Below is an example for assembling the Laplace variational form defined in the section A simple example:
from pyiga import assemble, bspline, geometry
# define the trial space
kv = bspline.make_knots(3, 0.0, 1.0, 20)
kvs = (kv, kv) # 2D tensor product spline space
# define the geometry map
geo = geometry.quarter_annulus() # NURBS quarter annulus
A = assemble.assemble_vf(stiffness_vf(2), kvs, geo=geo, symmetric=True)
Any further input functions the assembler requires can be passed as further
keyword arguments in the call to assemble_vf()
. The function will
automatically detect whether the VForm has arity 1 or 2 and generate a vector
or a matrix correspondingly.
Manual compilation of the variational form¶
Sometimes it may be necessary to directly work with the assembler class that
results from compiling a VForm
. The functions used for compilation
are contained in the pyiga.compile
module, and the resulting matrices
can be computed using the pyiga.assemble.assemble_entries()
functions.
Using these functions, the Laplace variational form defined above can be assembled as follows:
from pyiga import compile, assemble, bspline, geometry
# compile the vform into an assembler class
Asm = compile.compile_vform(laplace_vf(2))
# define the trial space
kv = bspline.make_knots(3, 0.0, 1.0, 20)
kvs = (kv, kv) # 2D tensor product spline space
# define the geometry map
geo = geometry.quarter_annulus() # NURBS quarter annulus
A = assemble.assemble_entries(Asm(kvs, geo=geo), symmetric=True)

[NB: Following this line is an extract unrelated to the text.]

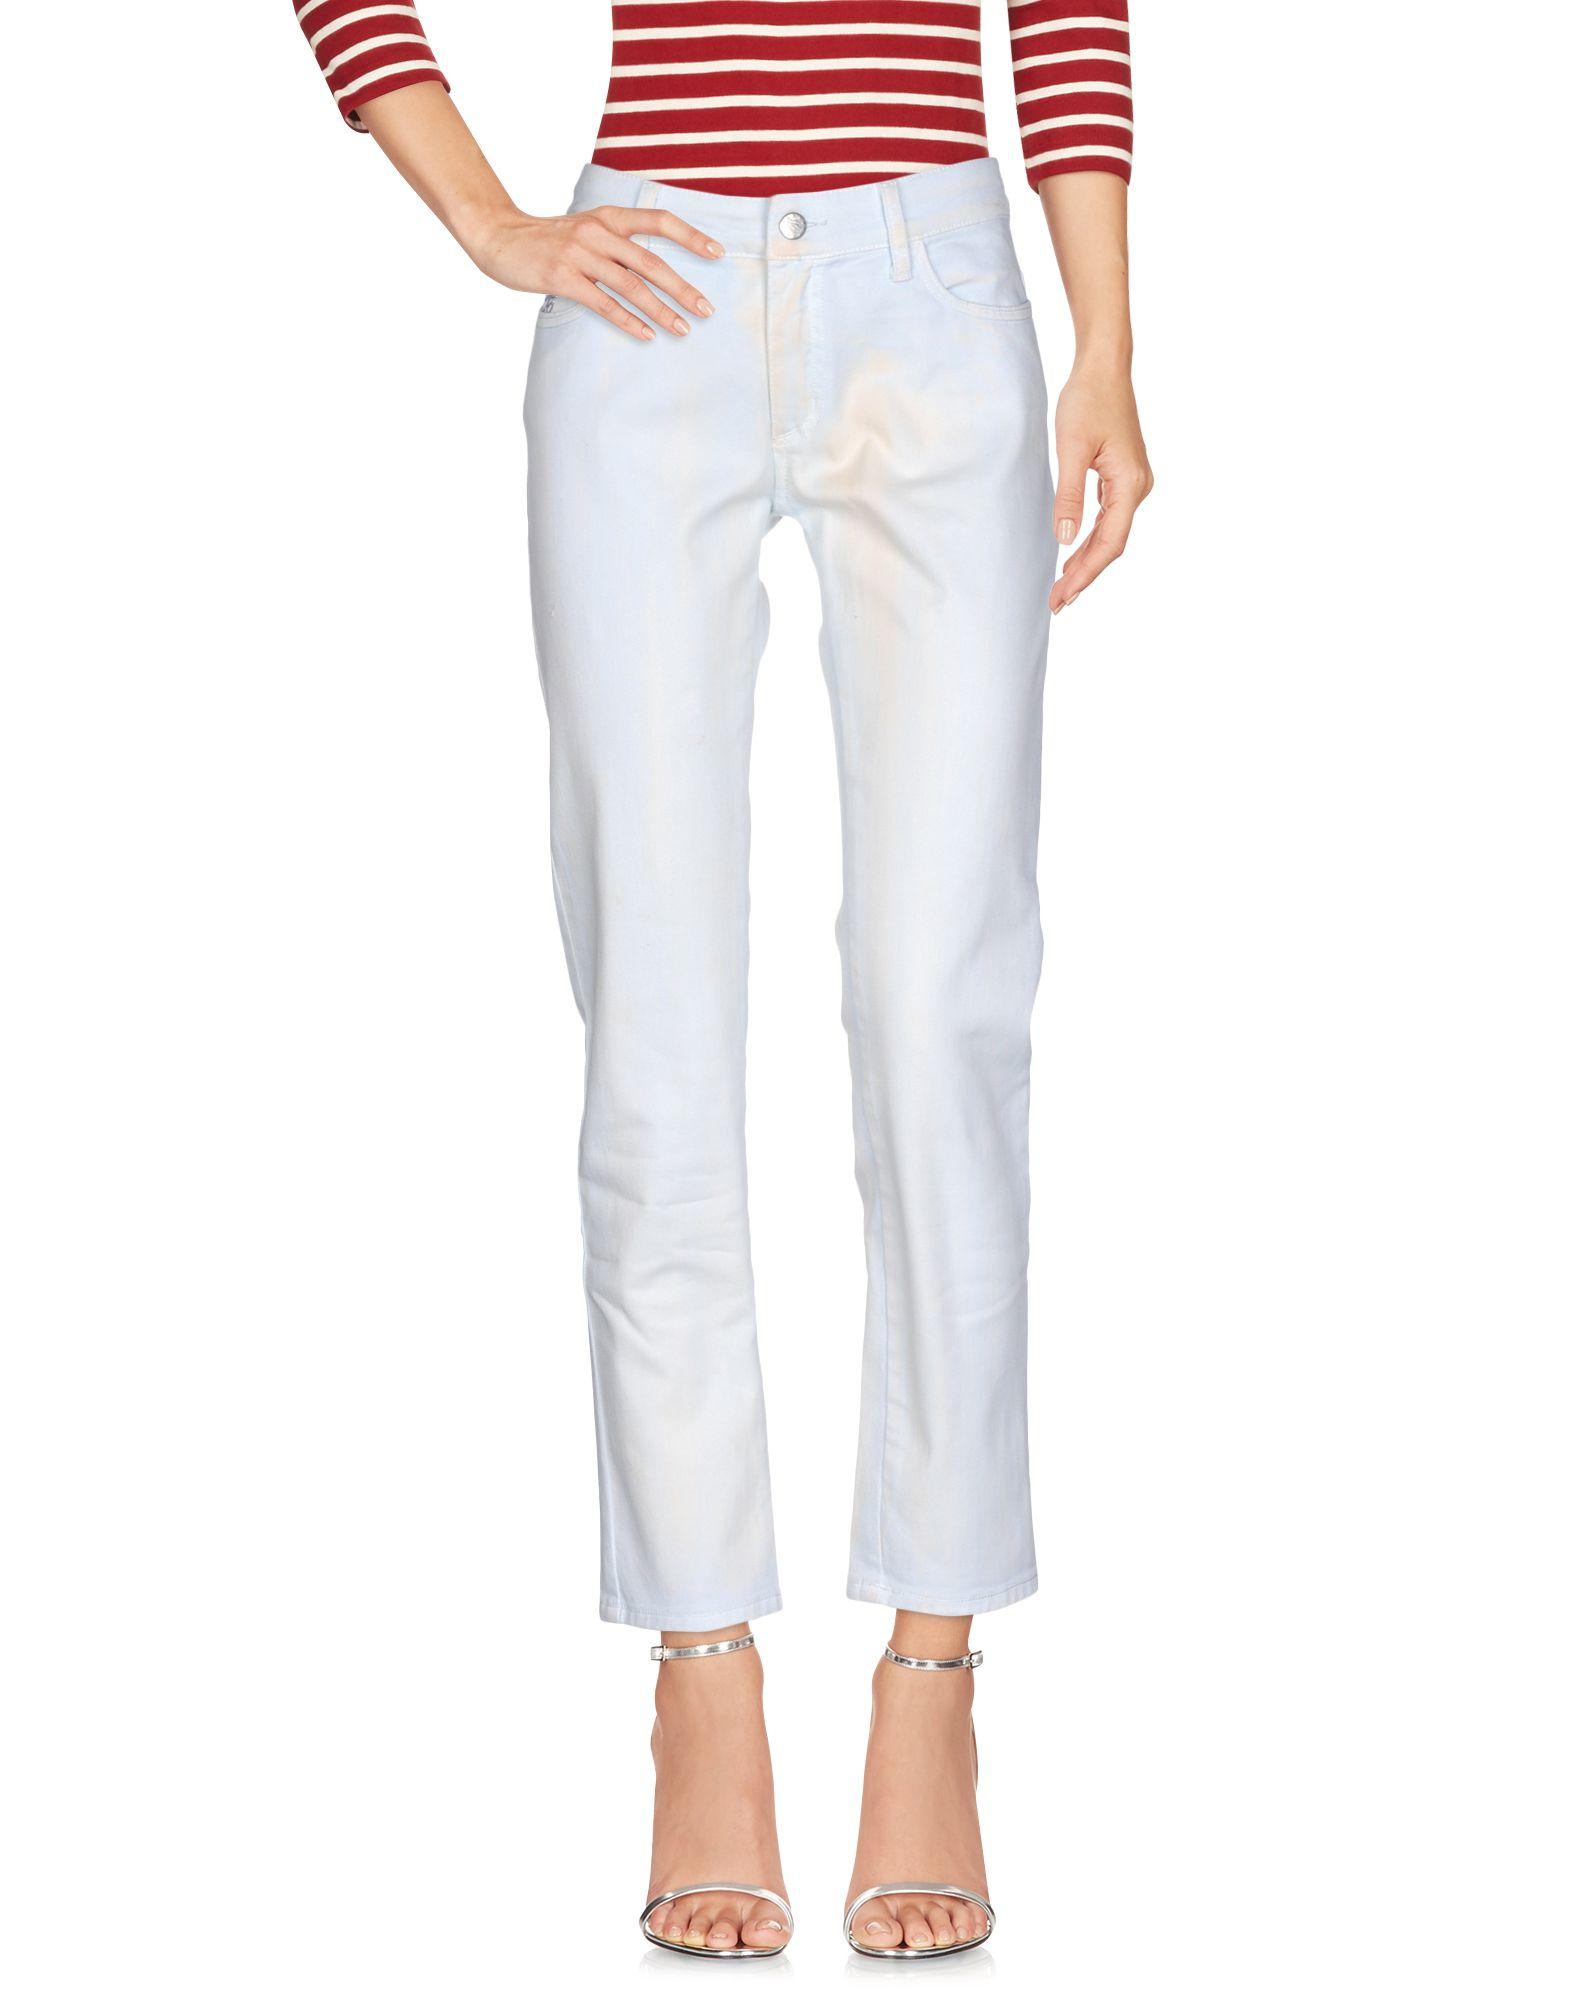 BLUMARINE Джинсовые брюки женские брюки лэйт светлый размер 56
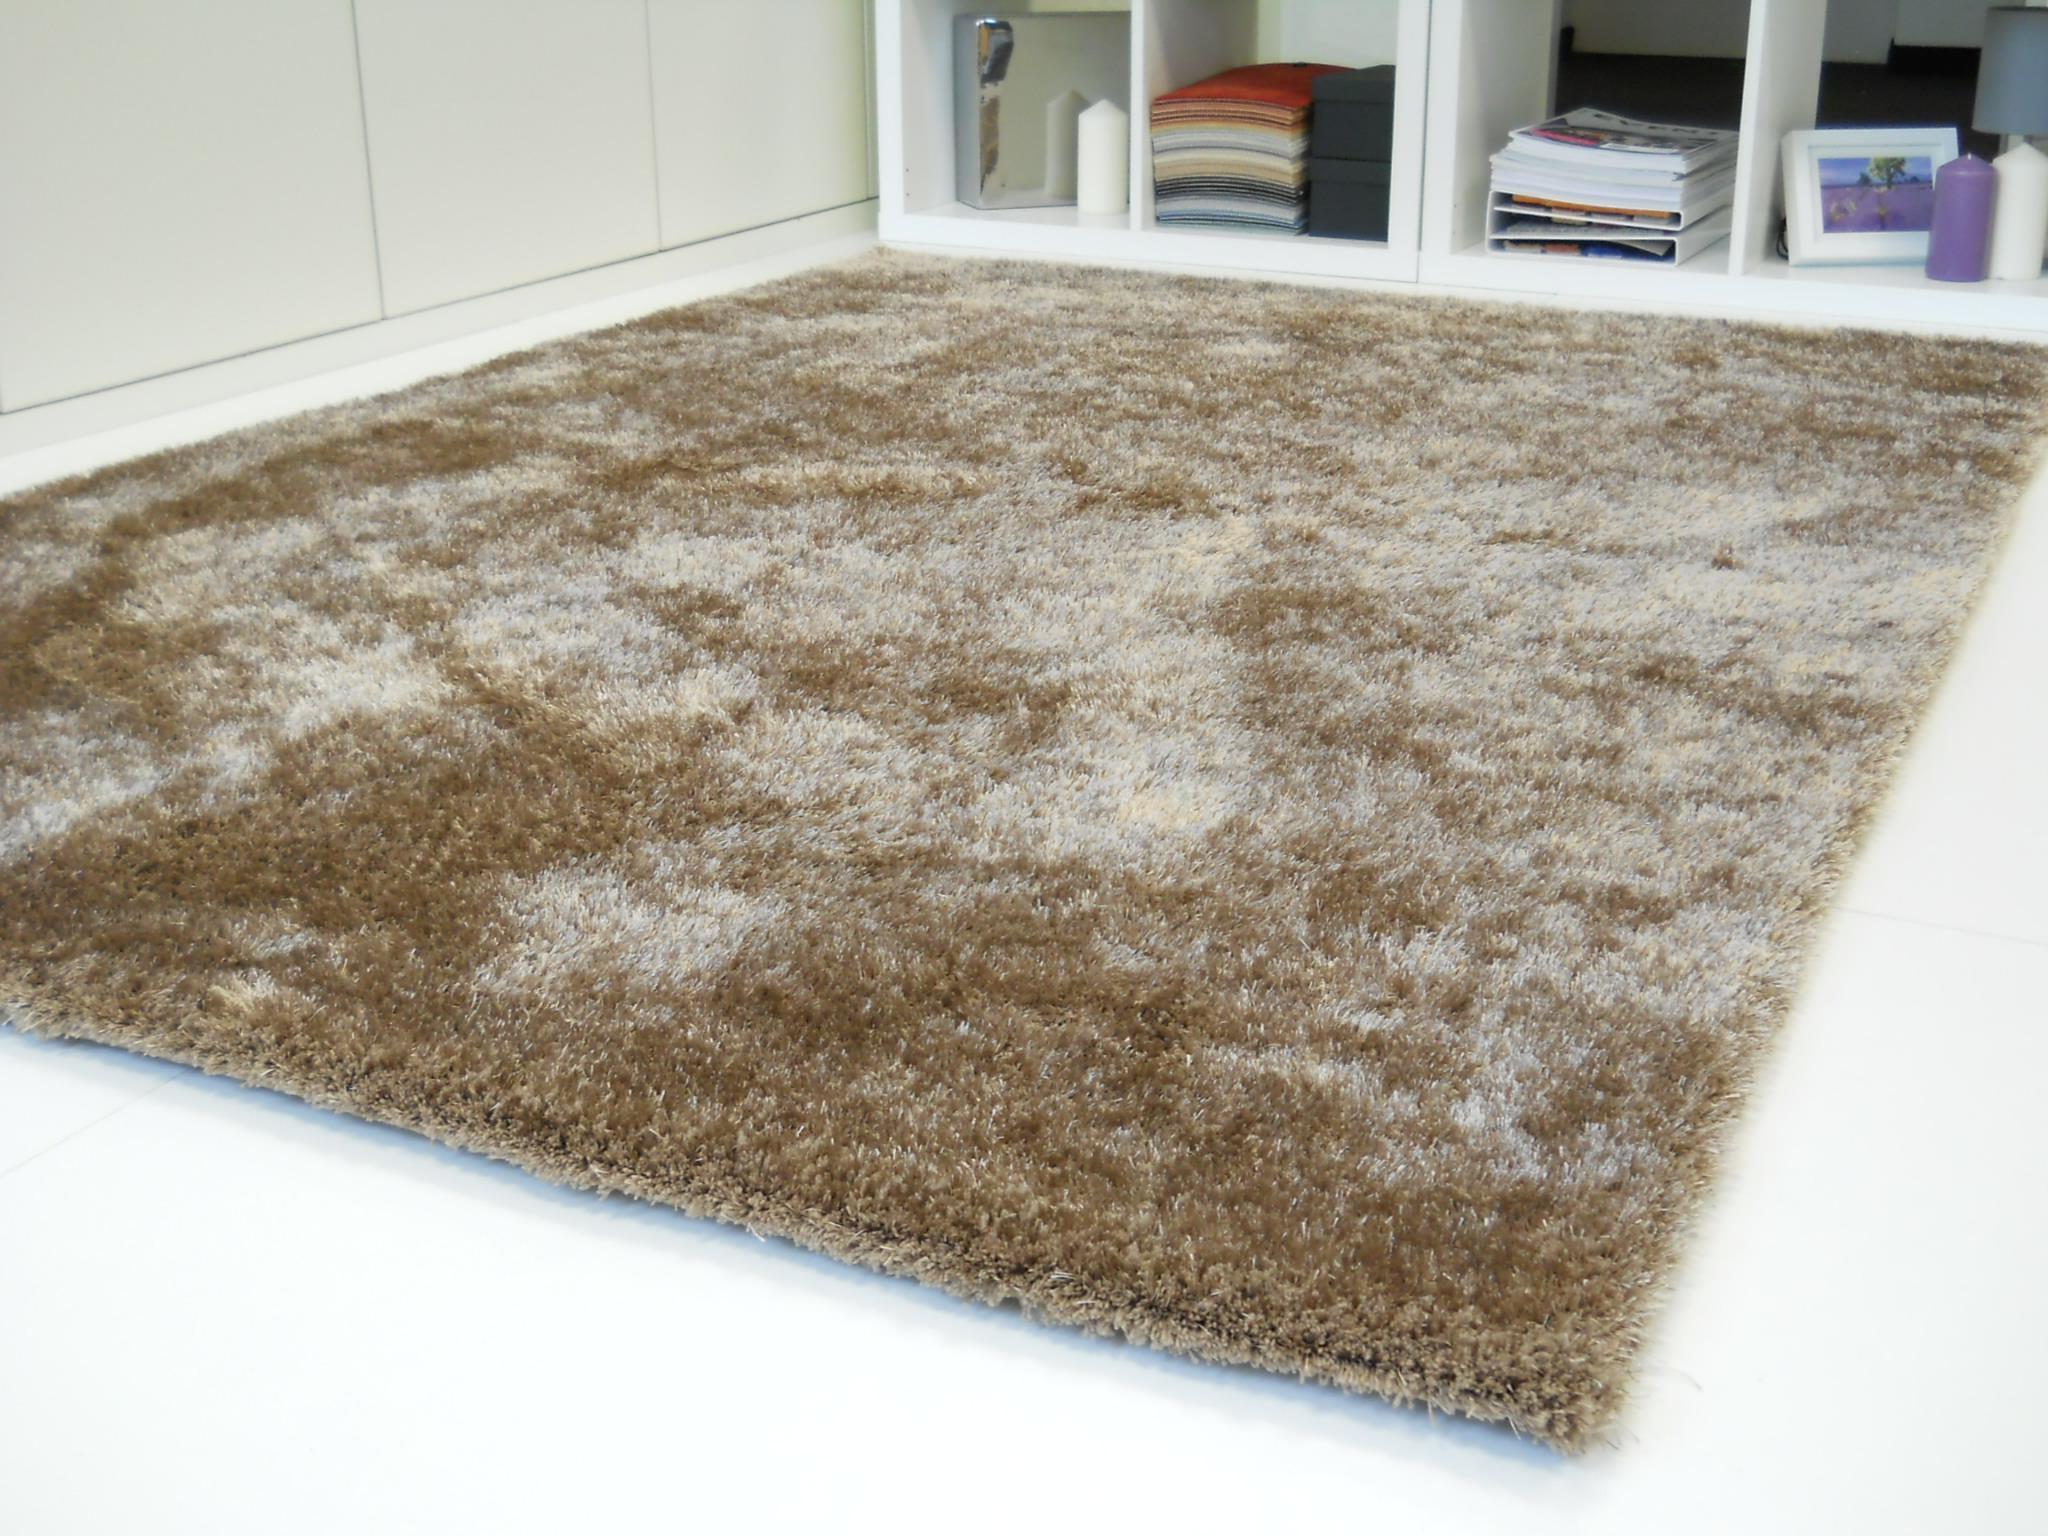 schner wohnen hochflor teppich excellent schner wohnen emotion silber designer teppich diverse. Black Bedroom Furniture Sets. Home Design Ideas

The geometry map is passed using geo=
to the constructor of the
assembler class, and further input functions defined as described in
the section Working with coefficient functions can be passed in
the same way using their given name as the keyword.
The resulting object A
is a sparse matrix in CSR format; different matrix
formats can be chosen by passing the format=
keyword argument to
assemble_entries()
. The argument symmetric=True
takes advantage of the
symmetry of the bilinear form in order to speed up the assembly.